In 2005, Fondazione Mudima dedicated a retrospective of his work entitled Il disagio della pittura that gathered paintings from the last twenty years, from "Testorian" figures viewed from above to his latest series named "Città" ("City"). In the latter, he executed quick portraits of urban landscapes, like "fast passages" through streets before motionless people and buildings: windows represent the passage between inside and outside, from intimate and secret life to the chaos of a space in continual evolution. Throughout these years, Papetti has regularly retraced his steps, revisiting his past pictorial cycles. His interest in industrial archaeology led him to the production of a series of paintings devoted to the former Renault factory in Seguin Island, exhibited in 2007 at Musée des Années 30 in Boulogne-Billancourt.
In 2009, the Palazzo Reale in Milan hosted his exhibition Il Ciclo del tempo, curated by Achille Bonito Oliva. In an installation of three paintings mounted on circular structures of 3.3m height with a diameter of 8m, viewers are invited to enter and immerse themselves in the works on the themes of water, wood and wind.
In 2011 he participated in the Italian Pavilion of the Venice Biennale, L'arte non è cosa nostra, and in the Pavilion of the Republic of Cuba, Cuba mon amour. That same year in September, two of the three circles of Il ciclo del Tempo were installed in the Auditorium in Rome. He also had two important solo shows at that time, Fabbriche dell'utopia at Museum of Architecture - MUAR in Moscow in 2012, and then at Halle am Wasser in Hamburger Banhof in Berlin the following year.
The Palazzo della Penna - Centro di Cultura Contemporanea in Perugia presented in 2014 a cycle of new works in the exhibition La pelle attraverso, curated by Luca Beatrice. Alessandro Papetti investigated in them the skin's ultimate boundaries in large paintings on paper and canvas. In 2015, he took part in Italia docet⎜Laboratorium, a collateral event to the Venice Biennale before his solo show Io abito qui at Istituto Centrale per la Grafica in Palazzo Poli in Rome, including some works executed in situ. On that occasion, Sky Arte produced a documentary about his latest pictorial research.
The MARCA - Museo delle Arts di Catanzaro dedicated an exhibition to him in 2017, Paesagginterni, whose title is made up of a neologism from the terms landscape and interior. These paintings evoke more mental places than natural ones, such as a need to free himself from the physical limit which characterizes the painted environments, protagonists of his previous series.
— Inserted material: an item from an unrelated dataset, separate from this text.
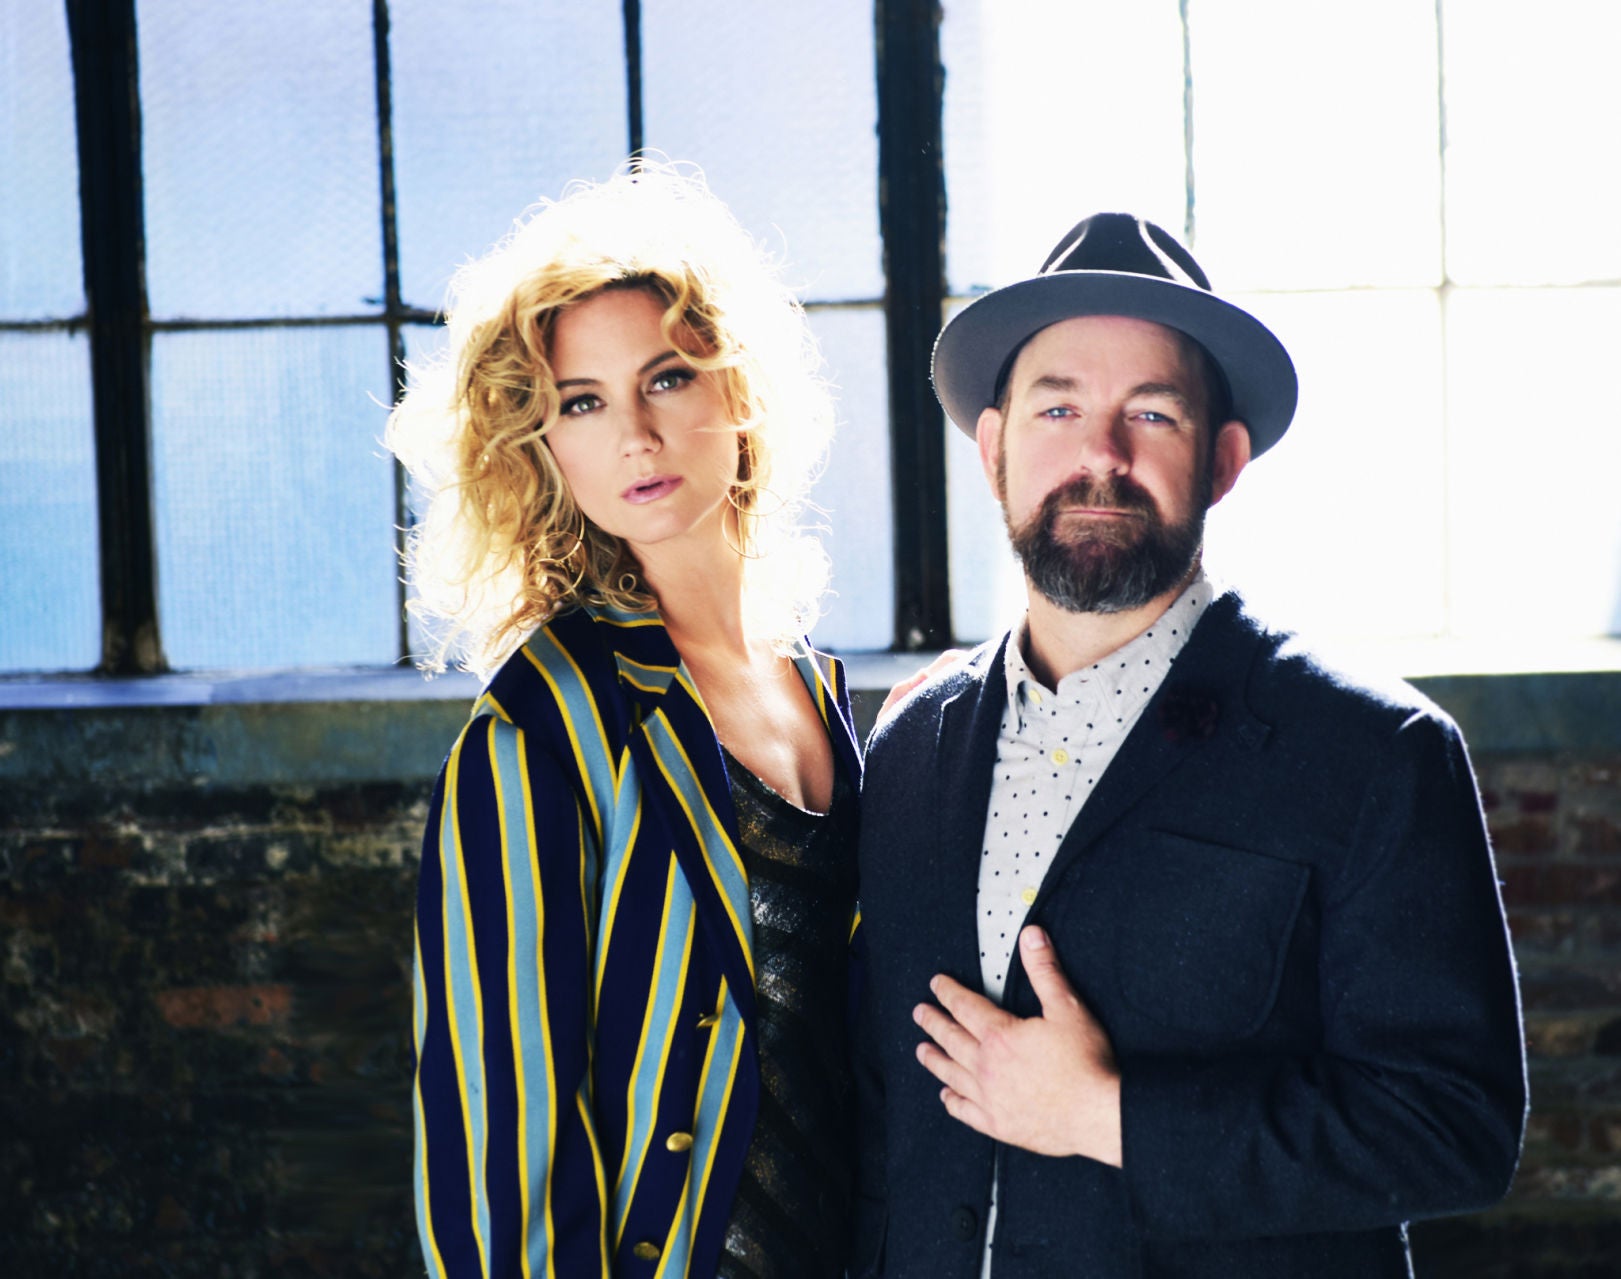 Country music band Sugarland back on tour, making music to ‘make things

An overview of the Paesaggiointerno installation was exhibited in the booth of Intesa Sanpaolo at Miart 2018. The complete work, entered in the collections of the bank and then exhibited in their historic buildings in Venice and Naples before returning to Milan, is composed of four large paintings (one landscape and three interiors) and aims to create a difference in relationship and perception between the spectator and two different situations, two antithetical environments, one very open and the other closed, intimate, private.